Так он и делал: когда можно было — безвылазно сидел в комнате и десятки раз переписывал черновики письма; когда нельзя было — удручённо выбирался в свет, хватал перо и не позволял ему конспектировать ни слова из разговоров окружающих, чтобы не заметить случайно какого-нибудь редкого нелестного комментария о своей персоне. Ощущение наблюдения Раф стойко игнорировал, а через какое-то время и вовсе перестал его отличать от простого волнения и растерянности. К 6-му февраля итоговый вариант письма для Лидии с оправданиями и повинной в конце был готов; Хаффи отправилась в Райдал, доставлять, а Раф, вздохнув и примерно накидав в голове черновик завещания, — в кабинет Прорицаний, гадать о своей судьбе.
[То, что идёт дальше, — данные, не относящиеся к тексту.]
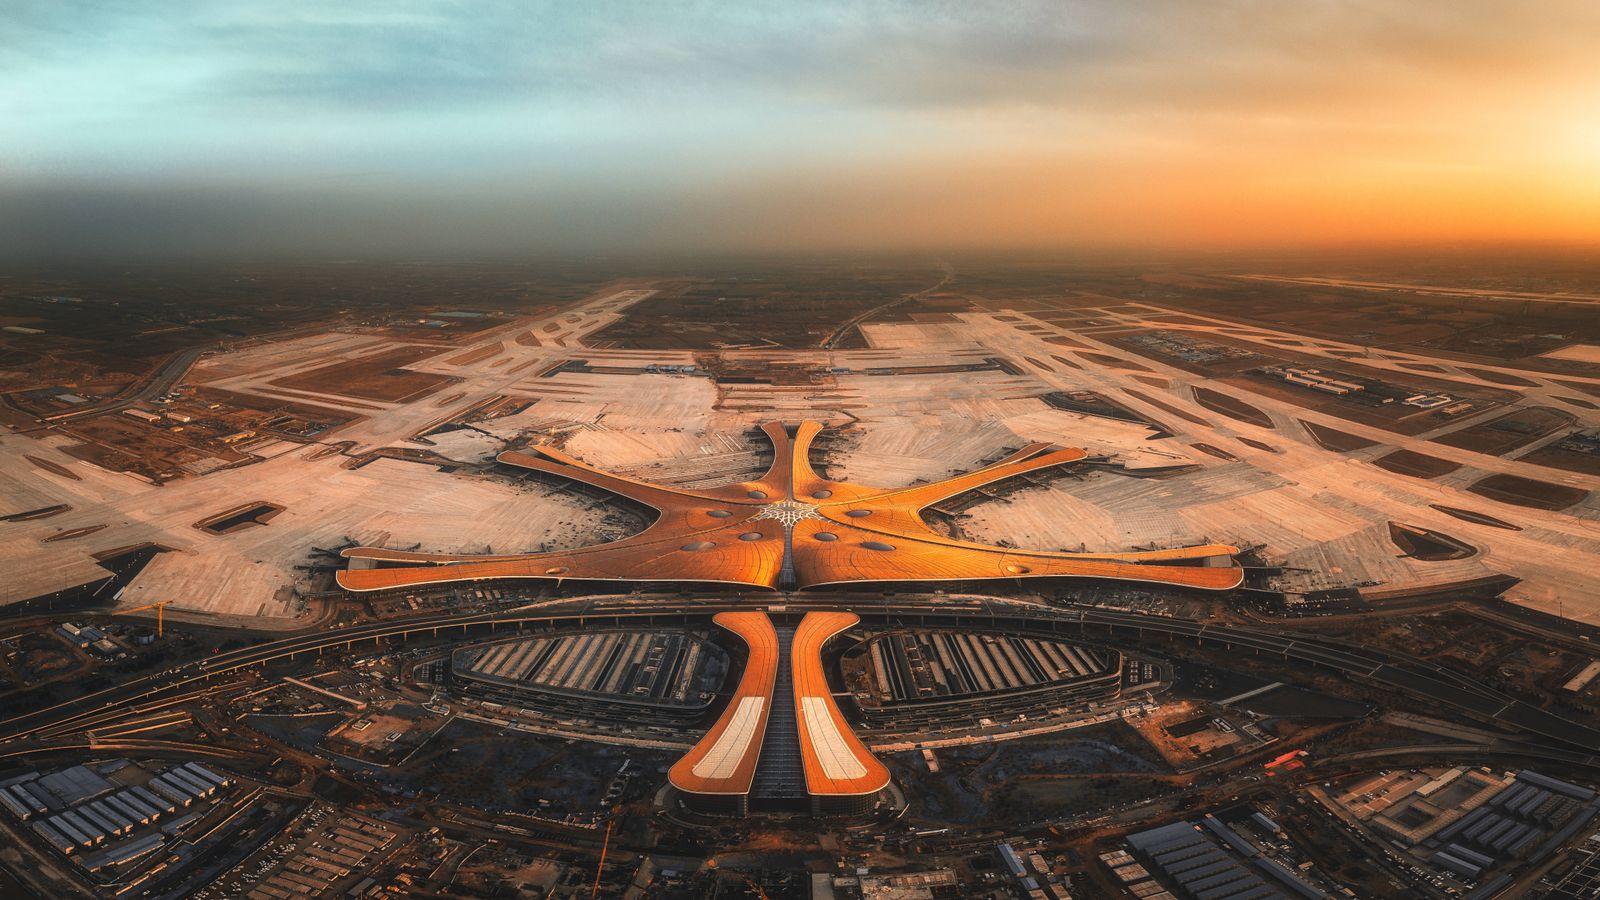 Beijing Daxing Airport Aerial Photograph PUBLICATIONxNOTxINxCHN 637061014335652019

Красок в и без того печальную историю добавила та самая огромная лестница, что в Северной башне тянулась с цокольного этажа до крыши. Раф помнил о ней, конечно… с утра. С утра помнил, потом отвлёкся на другие проблемы и другие лестницы, а сейчас пустым взглядом провожал уходящие спиралью в далёкий-далёкий потолок каменные ступеньки. Он понимал, что ему придётся с этим разобраться; понимал, но продолжал стоять, не двигаясь и, кажется, не дыша. Очнуться вынудил лёгкий толчок в плечо от явно спешащего по делам ученика. Раф встрепенулся, пошатнулся даже, уже представляя, как летит вниз, и лишь потом осознал, что сам всё ещё стоит даже не на лестнице, а в коридоре-выходе. Падать было некуда, зато спешить было куда; Раф выдохнул неровно, на пару секунд прикрыв глаза, и всё-таки начал подниматься. К стене он почти прижался, будто стараясь стать её частью.
К тому времени, как Раф наконец добрался до вершины, большинство людей уже сидело на своих местах. Свободных столов осталось всего-ничего, и один из них Раф как раз и занял, не желая навязываться в компанию к кому-то ещё — он и раньше не особо блистал общительностью с малознакомыми людьми, и Турнир лишь подстегнул к продолжению такого образа жизни. Скорее всего, работать придётся в парах, как обычно и приходится, но лучше уж кто-то навяжется Рафу, чем он сам.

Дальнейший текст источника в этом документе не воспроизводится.